January 29, 2022 at 6:38 AM
Urspo
Dear me! A disappointment. 😦
One of the joys of writing a blog is picking a topic or something on my mind and seeing it as a challenge to write something about it, hopefully whimsical and well-composed. I was at my desk when The Muses suggested give it a go.
January 28, 2022 at 10:50 PM
Will Jay
The mind will absorb what the seat can endure.
As a result of the work from home direction during the pandemic, I finally purchased a proper ergonomic chair – no rubbish! While this was a significant purchase for me, it was all I could do to keep me from kicking myself for not doing this years ago! I am no longer exhausted at the end of the day and it allows me to adapt to using an old dining table as a work surface.
January 29, 2022 at 6:40 AM
Urspo
Good for you!
I think desks have gone from ‘power’ types to practical. Your comment made me think – of all things! – watches. Once upon a time men wore fancy expensive watches. I don’t know any younger men who have any desire to do so. They like watches that measure their metrics and communicate with other devices. Fitbits over Rolexes. I wonder how the latter is doing these days.
January 29, 2022 at 5:27 AM
Ron
Even better to have you and your desk raised a foot or two so you can look down on your patients and themselves look up at you. One of by big bosses at the bank in Philly had such an arrangement. Also his desk, raised on a platform. Was at the farthest end of the room so when you we’re summed to see him, you felt like you were walking the last mile to the electric chair a la Sing Sing. He definitely put you at a disadvantage. And I always suspected he had a trap door right under the chair where his serfs were to sit and he could drop them with a button under and to the side of his desk easily watched by his right hand. He was effective because to thus day I can remember his name, John Woerner.
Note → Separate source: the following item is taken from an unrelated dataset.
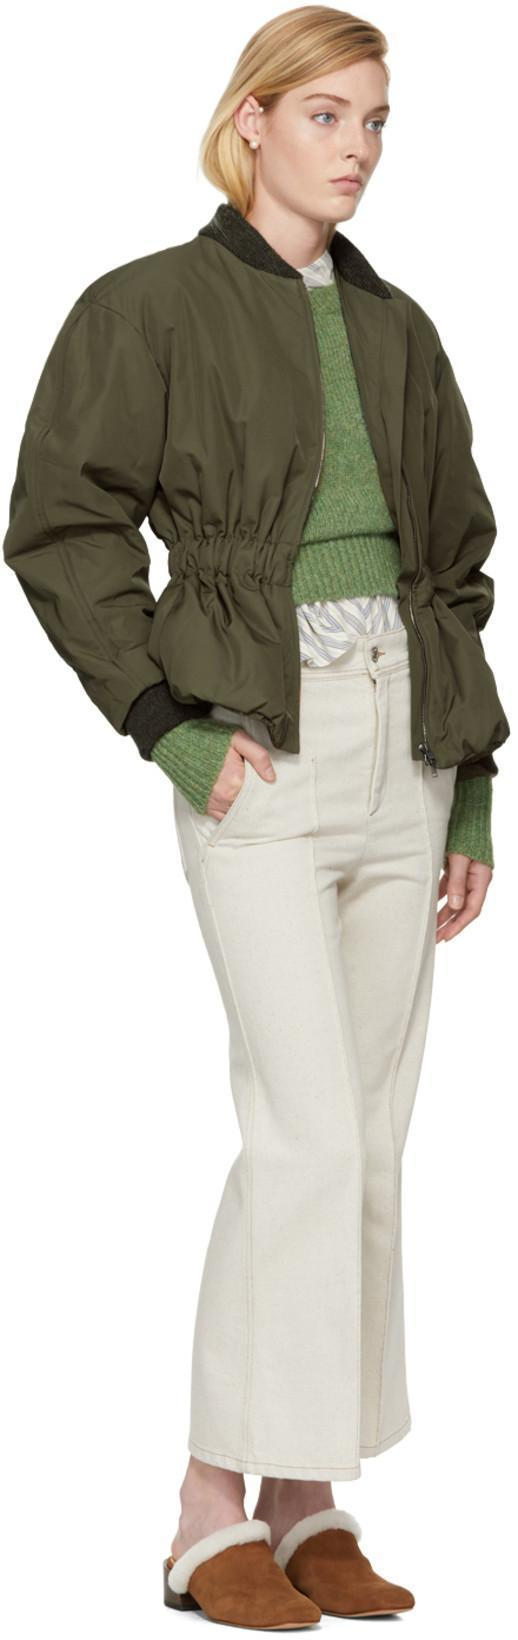 5e6899cf3 Isabel Marant Dex Short Bomber-Style Jacket In Green | ModeSens

January 29, 2022 at 6:42 AM
Urspo
That sounds awful but I daresay it is effective
No way would I ever had a desk ‘higher’ than my patients. A doctor desk needs to convey wisdom and masterful traits but not enough to convey ‘me big doctor’ This is less a matter for non-shirk-types MDs who see patients not in their office but in the exam rooms.
January 29, 2022 at 11:09 AM
Ron
Of course I was suggesting you have a desk higher than your patients was only tongue in cheek. Actually what you do is saw the legs off of their chairs so they sit lower on the floor.
January 29, 2022 at 6:20 AM
Blobby
I don’t care what people say: size matters
January 29, 2022 at 6:44 AM
Urspo
Yes, I daresay you are right.
There is a lot of data that shows shorter men have many disadvantages to the taller types. A large muscular man gets more respect. Men-folk extend their prominence by their objects, their cars, watches, desks etc.
You would think the codpiece would be revived so we can get to the direct point of it all.
January 29, 2022 at 7:08 AM
wickedhamster
Surely therapizing with one’s shoes removed is contrary to APA protocols, no? 😊
January 29, 2022 at 8:30 AM
Urspo
So is wearing Aloha-style shirts but there it is.
I’ve been pushing the fashion envelope for some time now.
January 29, 2022 at 7:43 AM
Robzilla, Native Of Slam Diego
I once had a large desk in a corner office, but I had zero shelf space. It seems the size was necessary due to the large desktop PC I had for my job.
Now with laptops prevalent, I like the smaller desks. Even the one I use in my spare bedroom to write this reply is a small workspace.
January 29, 2022 at 8:31 AM
Urspo
Ah! but these are workplaces, that are a different sort of ‘desk’ with different uses and associations. On the positive workplaces allow closer proximity to someone with you – which was good but not so much nowadays.